There were many objectives that were badly affected during COVID-19 pandemic. However, the most badly affected was the medical education and also its related evaluations. In different countries globally, many courses of actions were done, in order to bring back the quality of education. Moreover, this was done by getting different viewpoints and opinions from different places and also assessing their experiences.[8] Everything became online platform, that included, theory classes, clinical positioning and also teaching sessions. Since the last many months, simulations for medical classes, virtual reality, and conferences both audio and video transformed the medical education to a great extent. These teaching policies are considered good, but these policies should have excellent conclusions and should be regularly evaluated.[9] For the continuation of medical education and to finish the curriculum according to the syllabus and on time, these teaching policies have helped a lot, but there is a problem. There is no proof that it has helped with the health management of the patient. It has been proposed that proper evaluation methods have to be implemented without disturbing the structure, design, or assessment methods.[10] In countries, were they are resource-limited, online teaching sessions such as viva, objective structured clinical examination, and webinars have shown to be helpful tools of assessment. The educational planning programs and all the future strategies are mainly affected due to economic loss in many countries during this pandemic. Due to this economic downpour, there is a large burden on medical education as it is an expensive system.[8]

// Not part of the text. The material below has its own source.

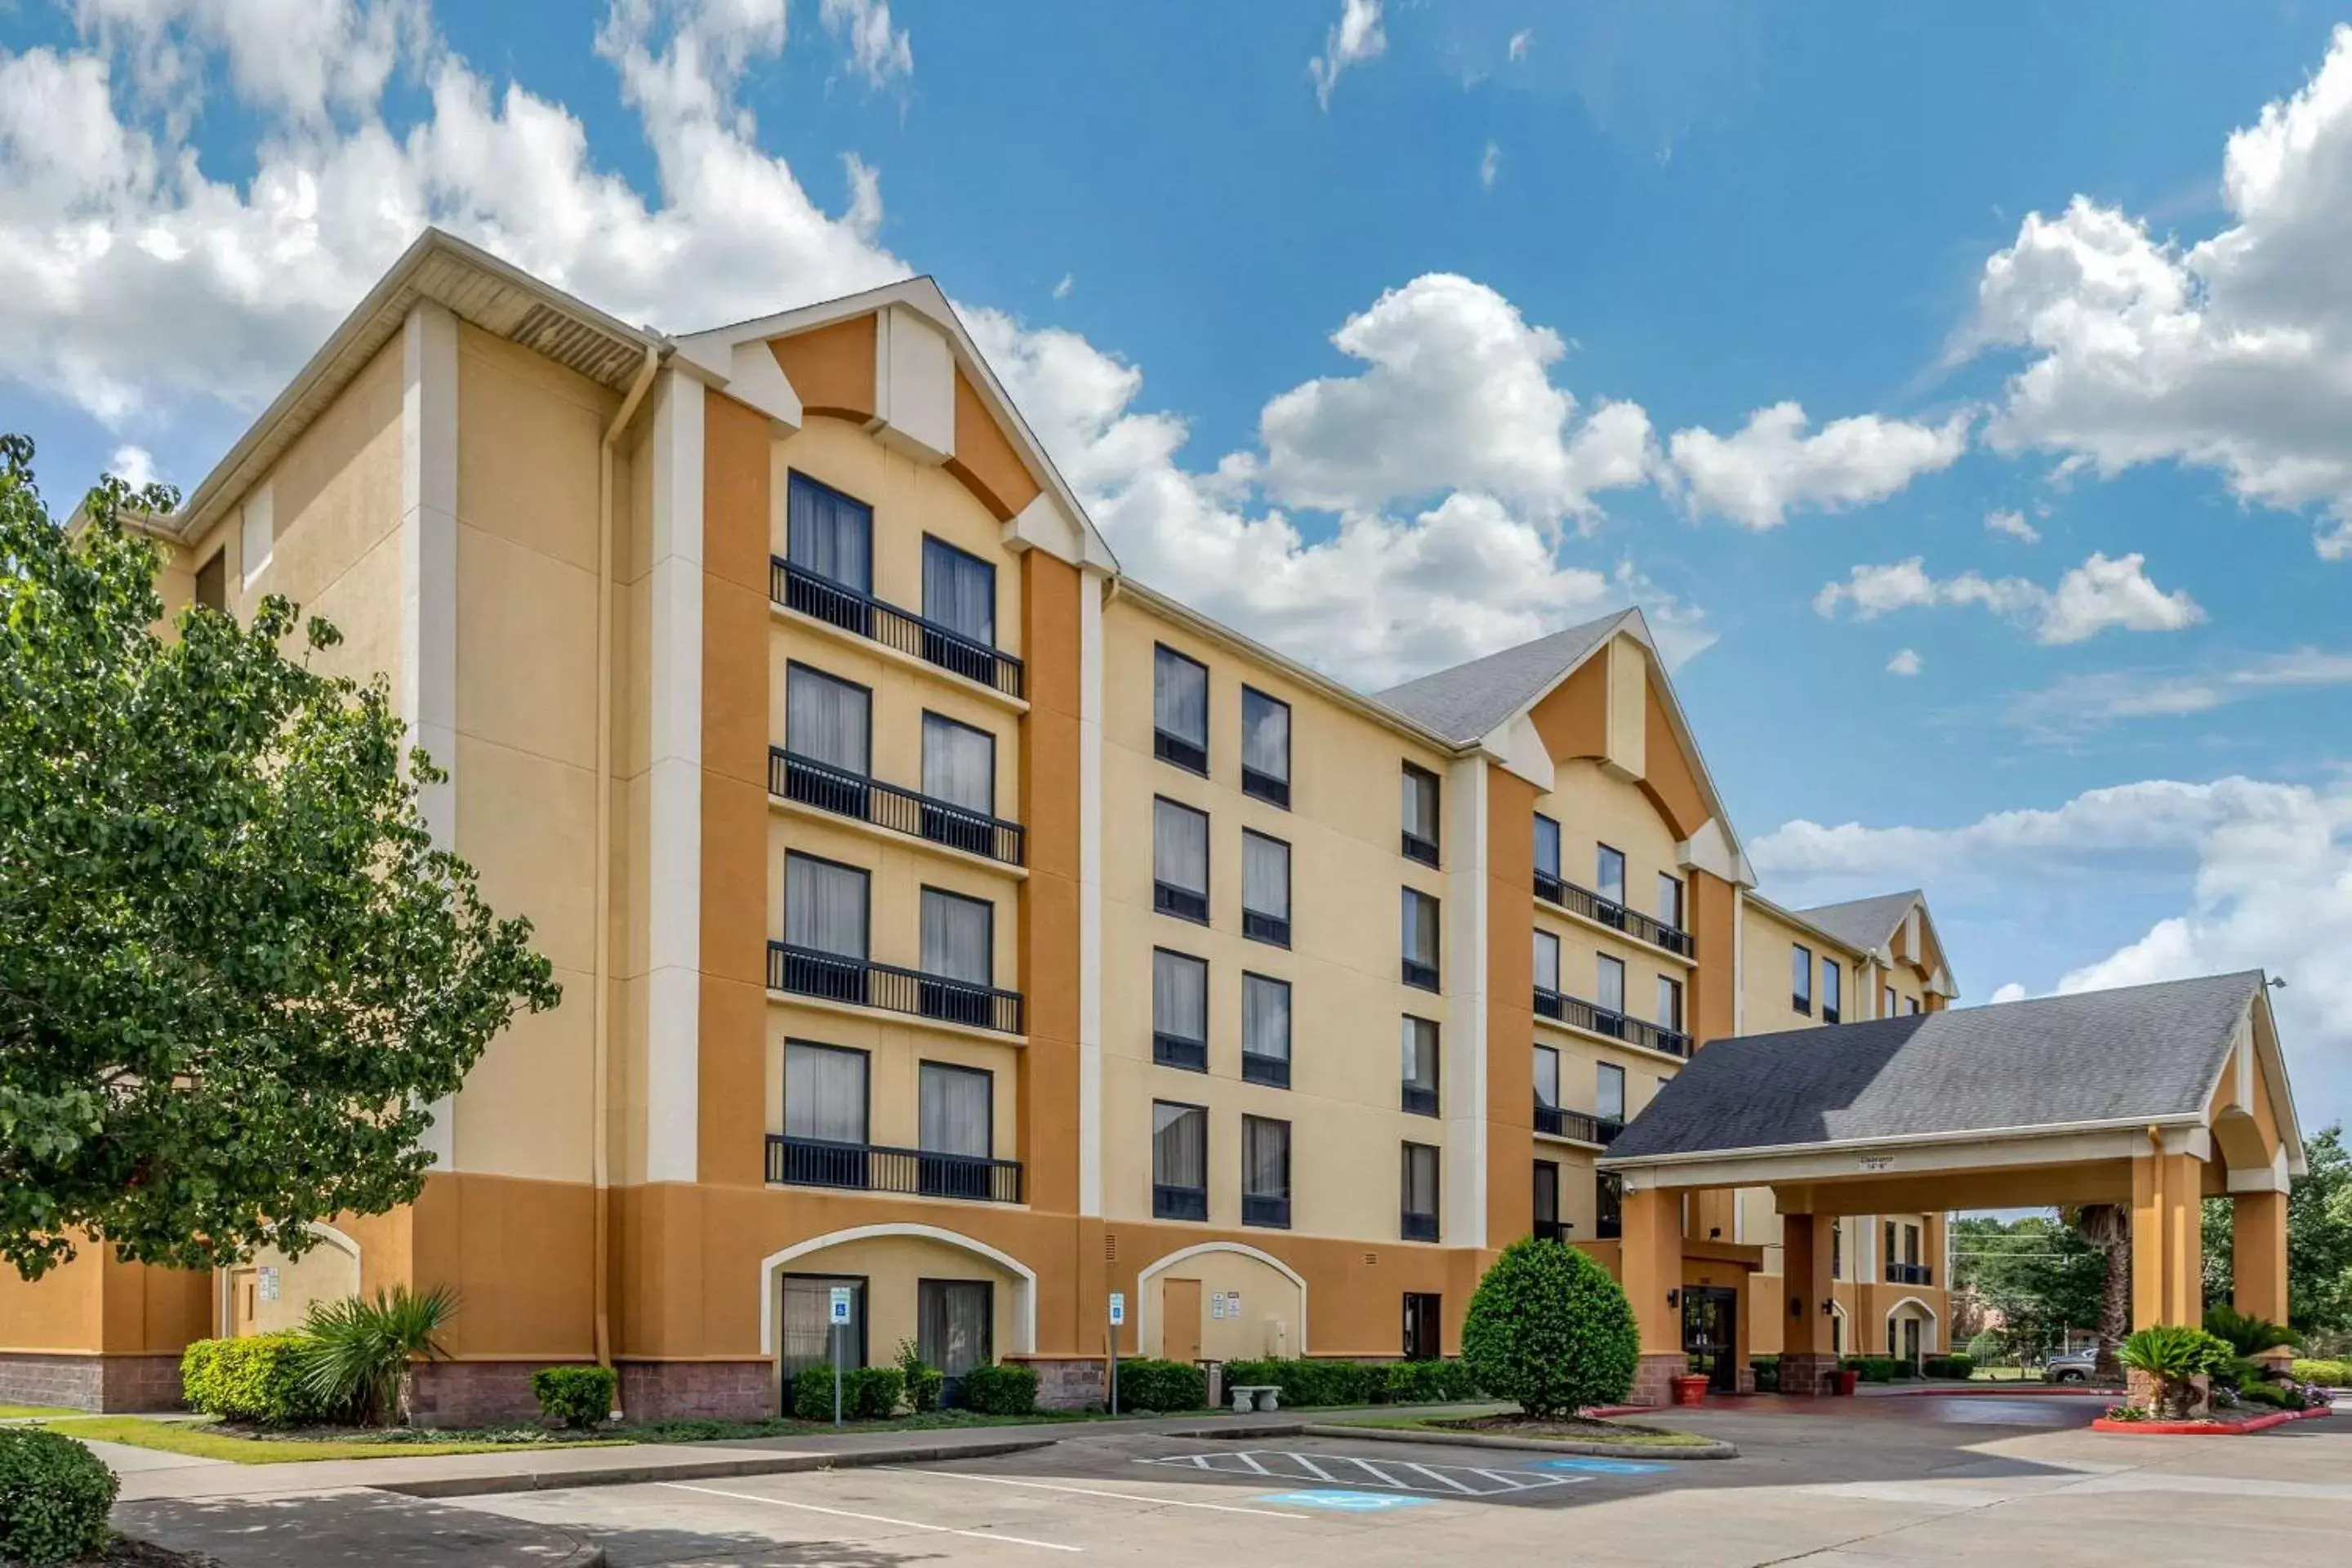 Property Building in Comfort Inn 290/NW

  Pregnancy and Second Wave Top


There was a significant rise in the peripartum and pregnant women with moderate, severe, and critical cases of COVID-19 infection. The morbidity and mortality raised at a significant rate. Many were admitted to the intensive care units and also were transferred to noninvasive ventilation and ECMO.[11] ECMO patients who were pregnant and during their peripartum period were more in the second wave than seen in the first wave, suggesting that the highly infective mutant strains of SARS-COV2 might have caused the significant rise in the infections among pregnant women.[12] However, some studies suggest that the mutant variant B.1.1.7 which was first seen in the UK, has not been responsible for the rise of cases among affected pregnant females during the second wave and does not cause more severe.[13] This trend was mostly seen in the second wave and many pregnant females were affected in a bad way with a remarkedly high percentage of cases. There are studies suggestive of severe consequences with pregnancy, where there is a significant increase in the LSCS births and iatrogenic preterm babies which can be due to fetus compromise or maternal compromise or both.[14] There are still talks and debates on the relationship between stillbirth and COVID-19 infection, but this relationship with neonatal deaths has not been proved yet. Other than that, related studies suggest that, neonates who get infected with COVID-19 is suggested to be mainly due to vertical transmission from the COVID-positive mother.[9] Various studies and hypotheses have been suggested regarding all these changes, but finally, the result is unclear. Many researches have to be conducted regarding these new mutant variants and its relation with the new shift and for the protection of pregnant women, whether health policies and regulations regarding COVID-19 in public should be modified or not.


  Black Fungus Top


There was a significantly sharp rise in cases of invasive rhino-cerebral-ocular mucormycosis infection with COVID-19 (coronavirus infection disease 2019) patients in India during the second wave.[10] Most of the COVID-19 patients and Post-COVID patients suffering from this complication of mucormycosis had some of the underlying comorbidity mainly diabetes mellitus, but infections are also seen in immunocompetent persons.[11] The related complications of vision loss, brain abscess, and stroke are observed. Both morbidity and mortality during this second wave of this pandemic are on an increase post this fungal infection. Mainly in India during the second wave, too many cases of this fungal infection were reported, were hospital system handled the tough situation by prescribing steroids early and given for a longer time in the hope of avoiding the need for oxygen and hospital admission.[15] India is the deemed diabetes capital of the world. Severe COVID -19 causes enablement of the immune system which increases ferritin. COVID-19 is often linked with lymphopenia.[16]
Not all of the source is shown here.